Creamy Turmeric Chickpea Skillet Ingredients
- Chickpeas: Using precooked chickpeas is key to making this recipe come together in a jiffy. My favorite brand is Jovial because they’re stored in glass (which means no BPA or other unknown hormone disruptors) and they maintain their shape the best.
- Fresh Turmeric and Ginger: Opting for fresh turmeric and ginger makes all the difference in this dish. But if you can’t find fresh turmeric, no worries! You can substitute an extra teaspoon of ground turmeric in it’s place.

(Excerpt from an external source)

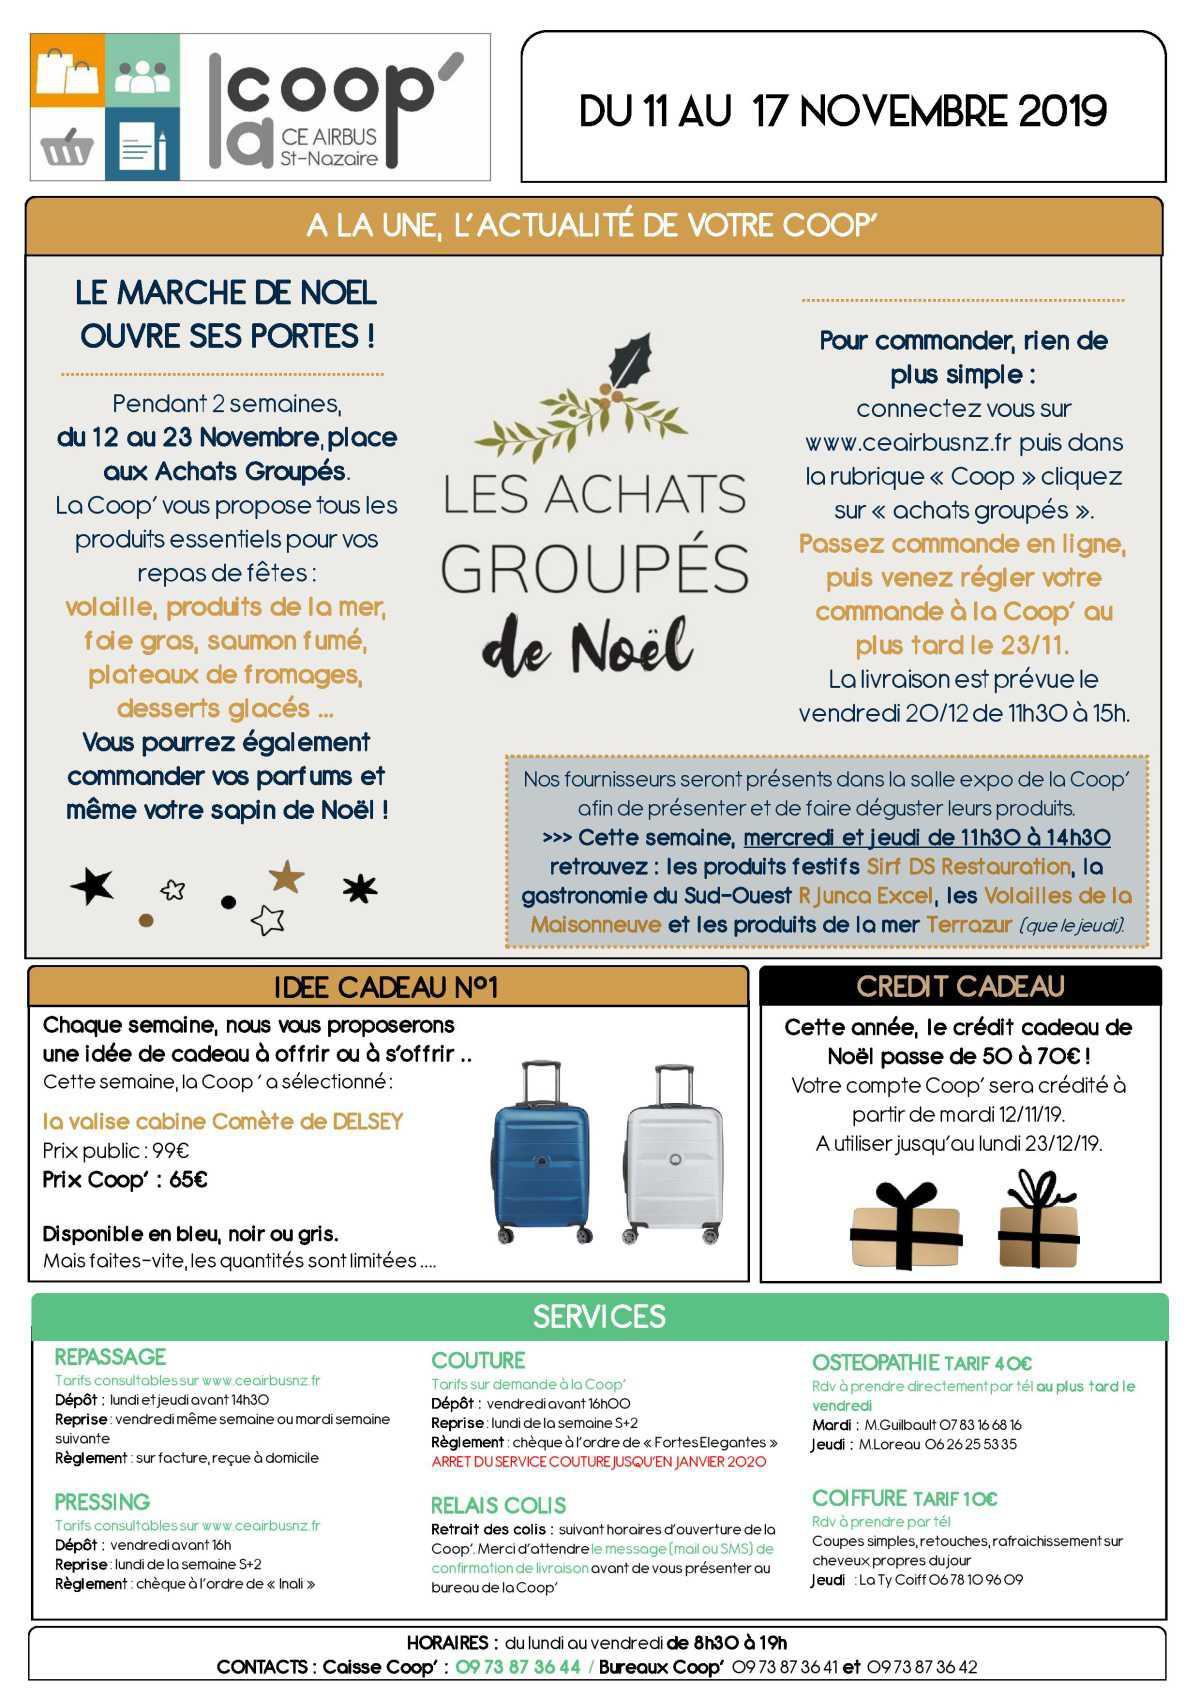 Infos CE / COOP semaine 46

- Cracked Black Pepper: Pepper enhances curcumin absorption (the main anti-inflammatory component of turmeric). It’s best to make sure you include both to maximum the benefits.
- Bell Peppers: You can thinly slice or finely chop the peppers, either method will work. If you like spicy foods, feel free to substitute a few jalapeños in place of one of the bell peppers.
- Coconut Milk: Full-fat coconut milk gives this dish it’s rich and creamy texture. I find canned coconut milk to be the creamiest and my favorite brand is Native Forest. They have phased out BPA from their cans but I’m not sure what they’re using as the alternative. Either way, it’s the best quality that I’ve been able to find.
- Lemon or Lime Juice: Fresh citrus adds a touch of brightness and brings out the flavor of the turmeric and ginger.
- Make it spicy: substitute jalapeños for one of the bell peppers or add 1/2 teaspoon crushed red pepper for a little kick.
- Add some greens: Towards the end of cooking, add in a few handfuls of baby spinach or chopped chard. Set at a low boil, cover and cook for about 5 minutes, until the greens are wilted.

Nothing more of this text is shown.